Segment Start: Supplied material
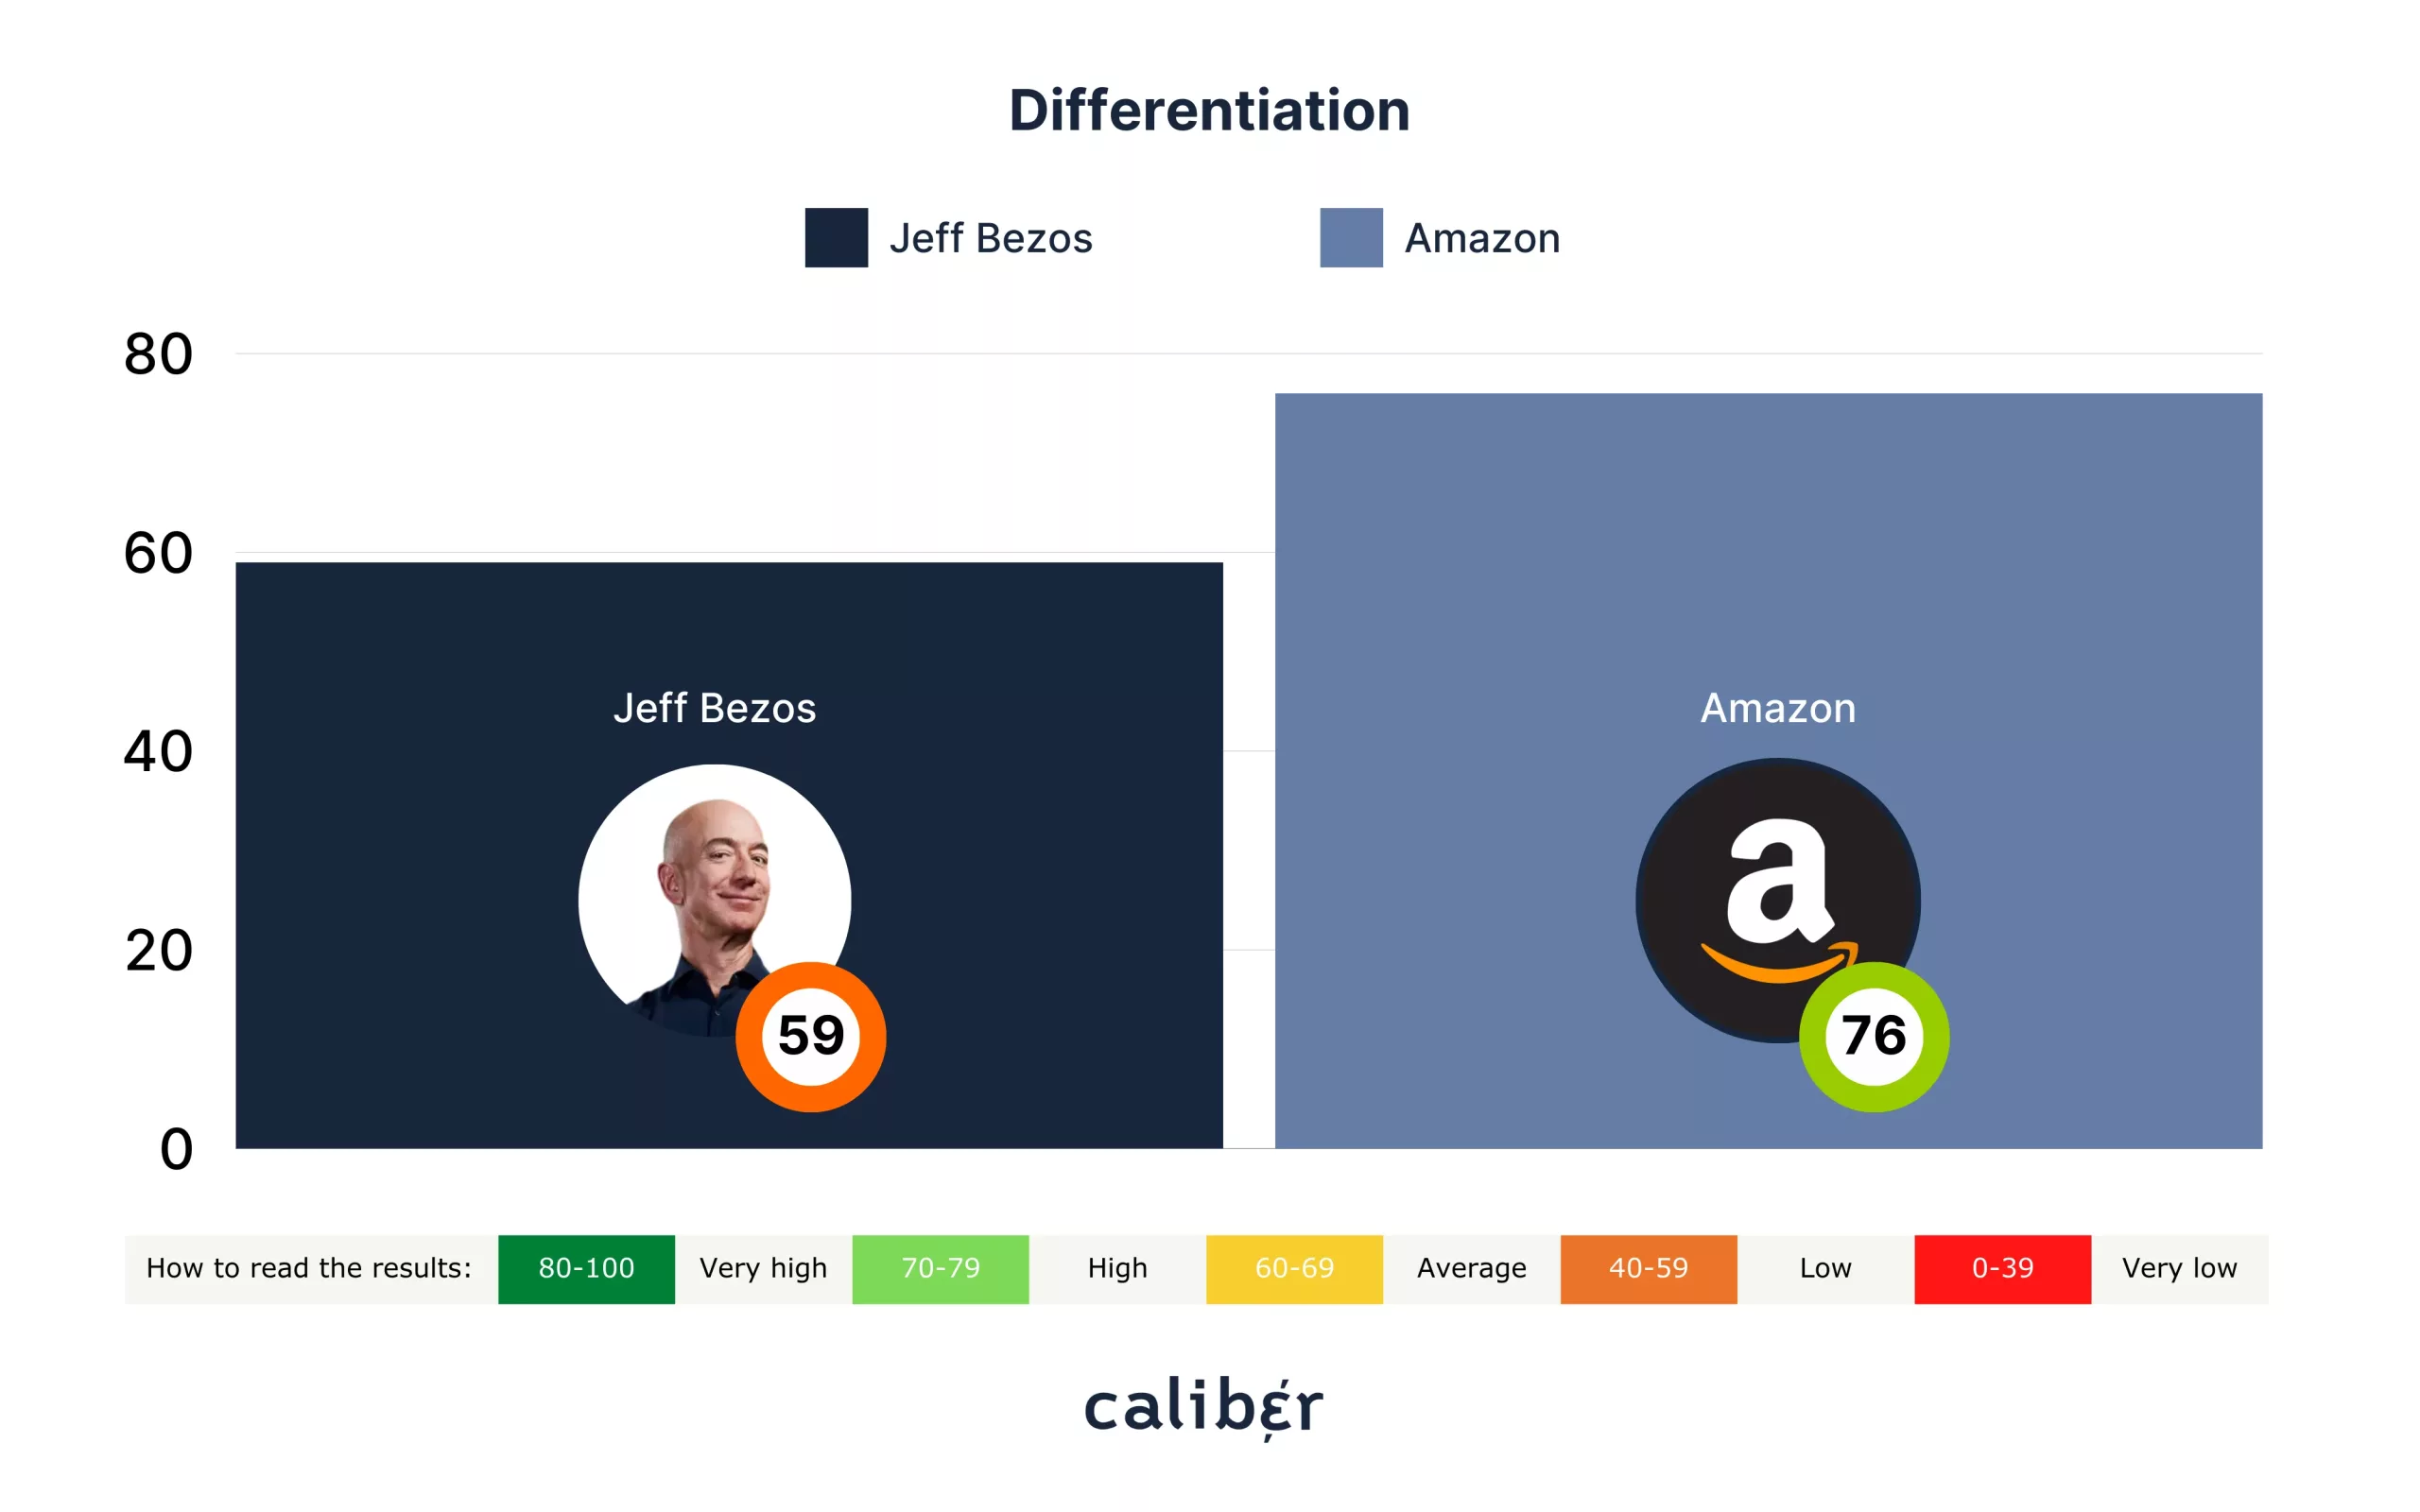 Jeff Bezos Differentiation Score
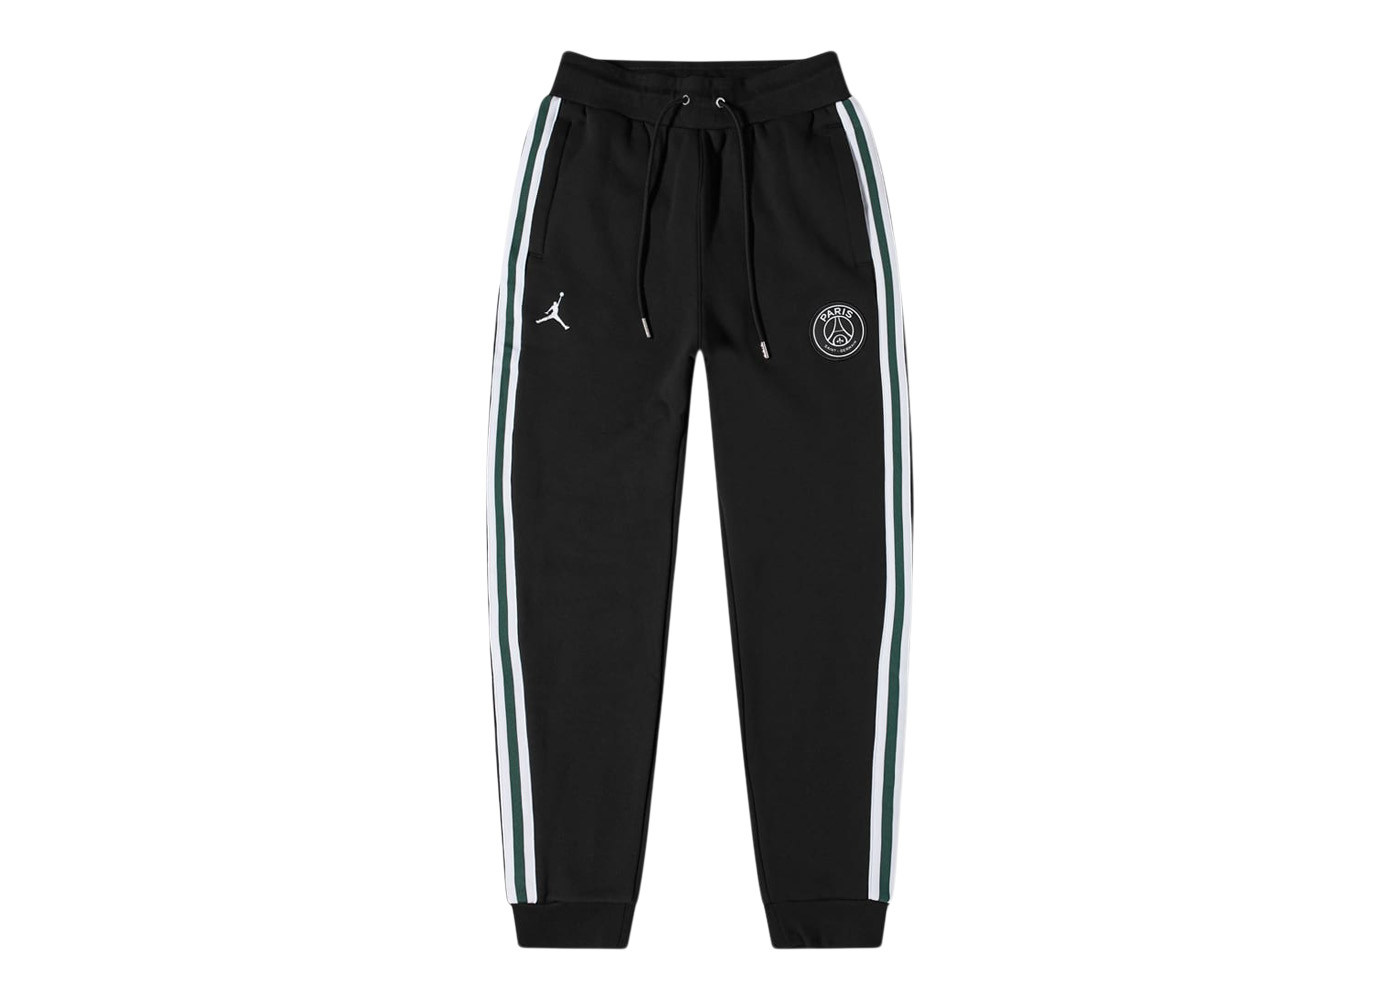 Jordan x PSG Paris Saint Germain Fleece Pants Black/White/Green
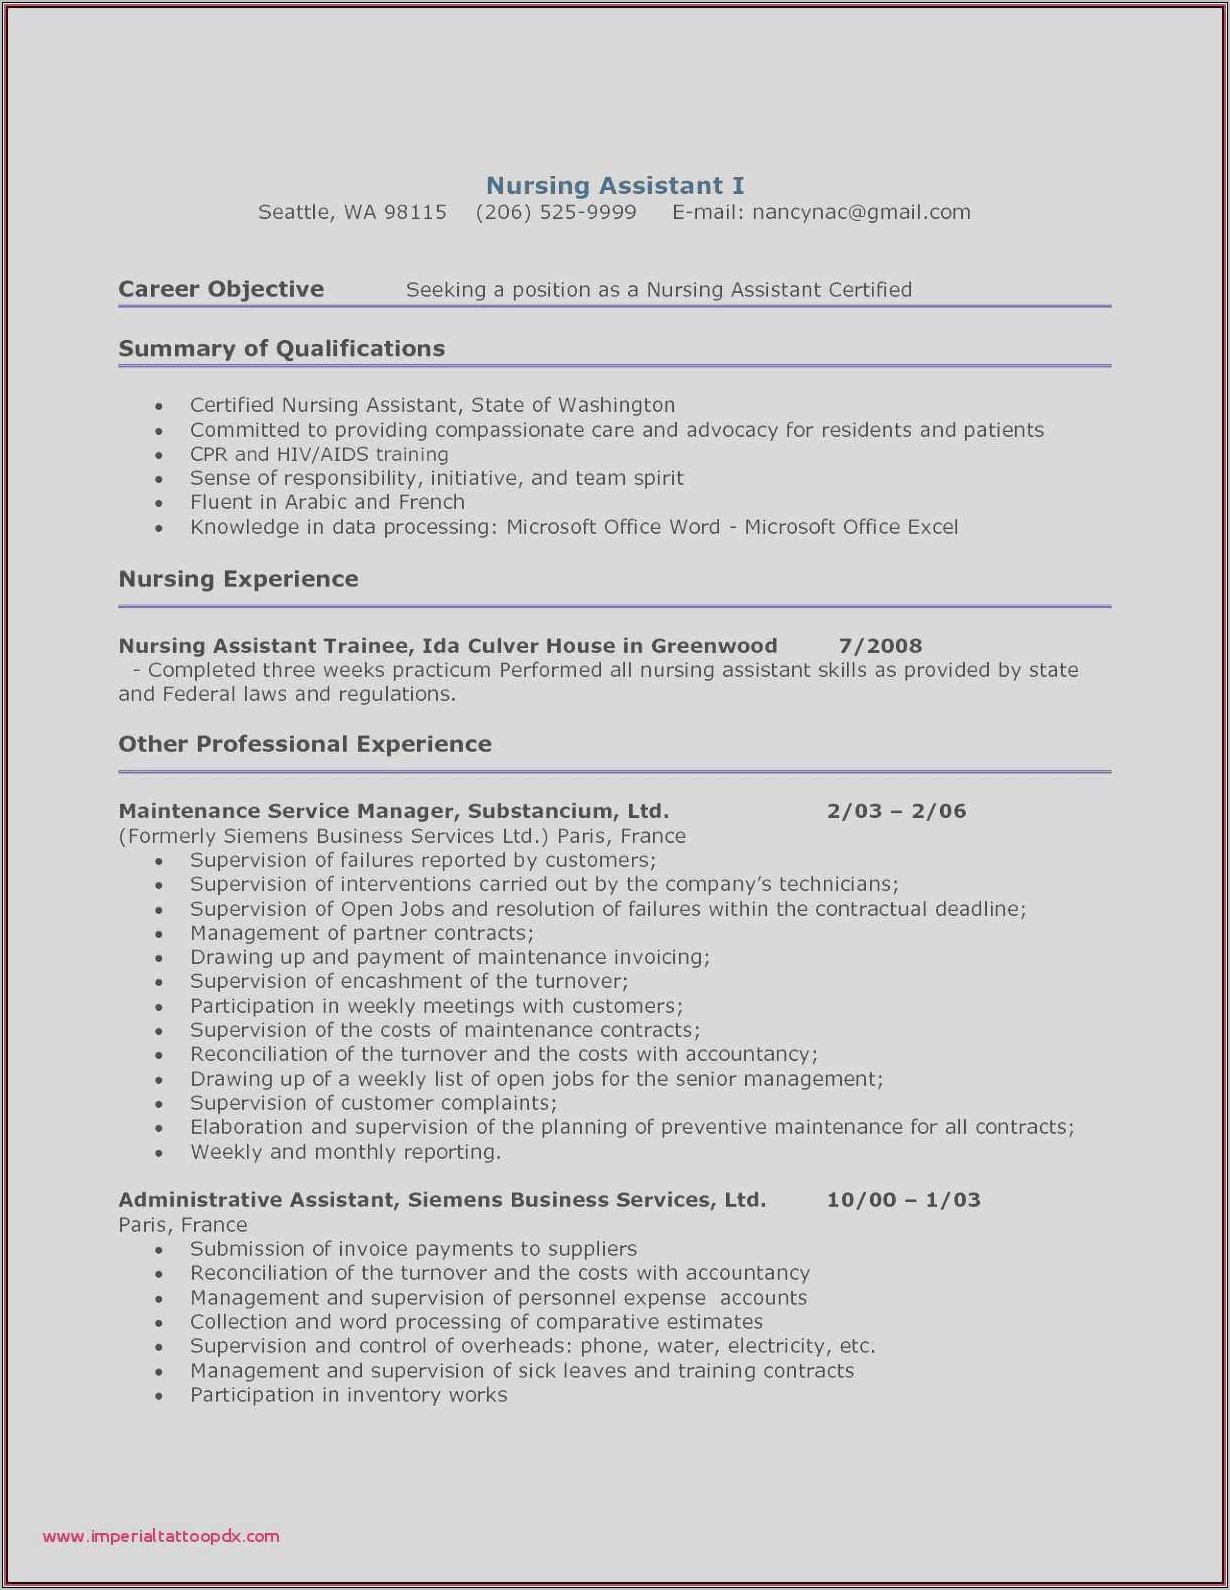 Resume For Nursing Assistant Template
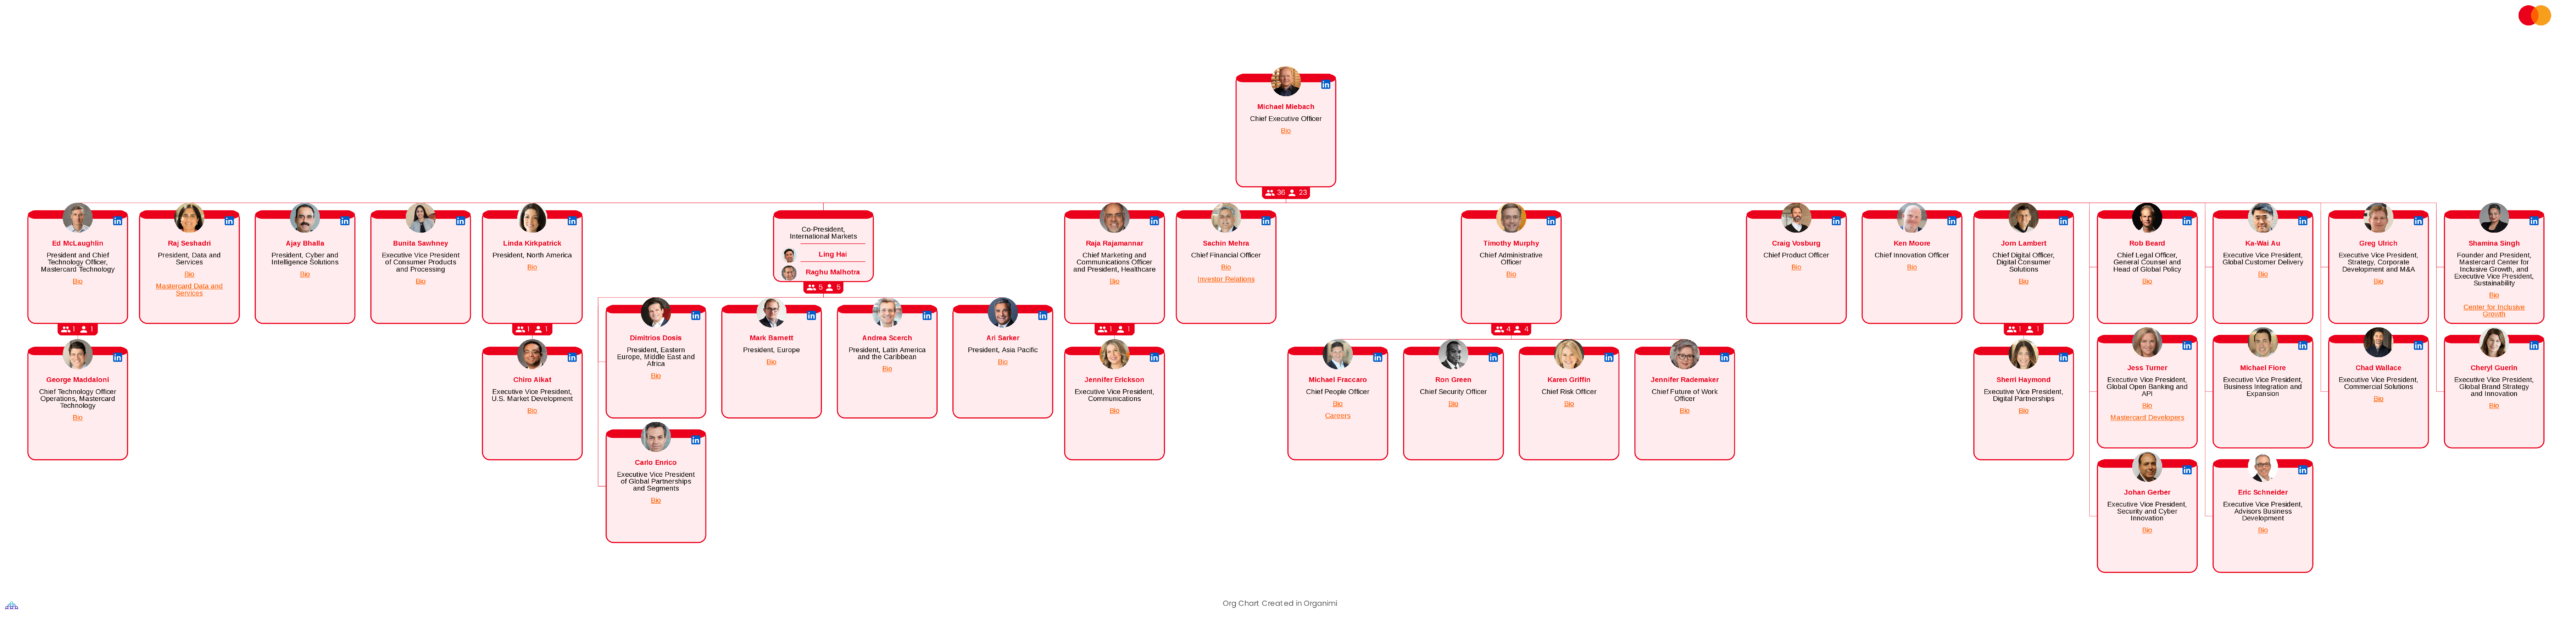 Mastercard's Organizational Structure Chart
Segment End: Supplied material
* What is required: Your task is to repeat only the lines from the line containing "Resume For Nursing Assistant Template" through the final line of the material, inclusive; do not include pictures.

* Task response:
 Resume For Nursing Assistant Template
 Mastercard's Organizational Structure Chart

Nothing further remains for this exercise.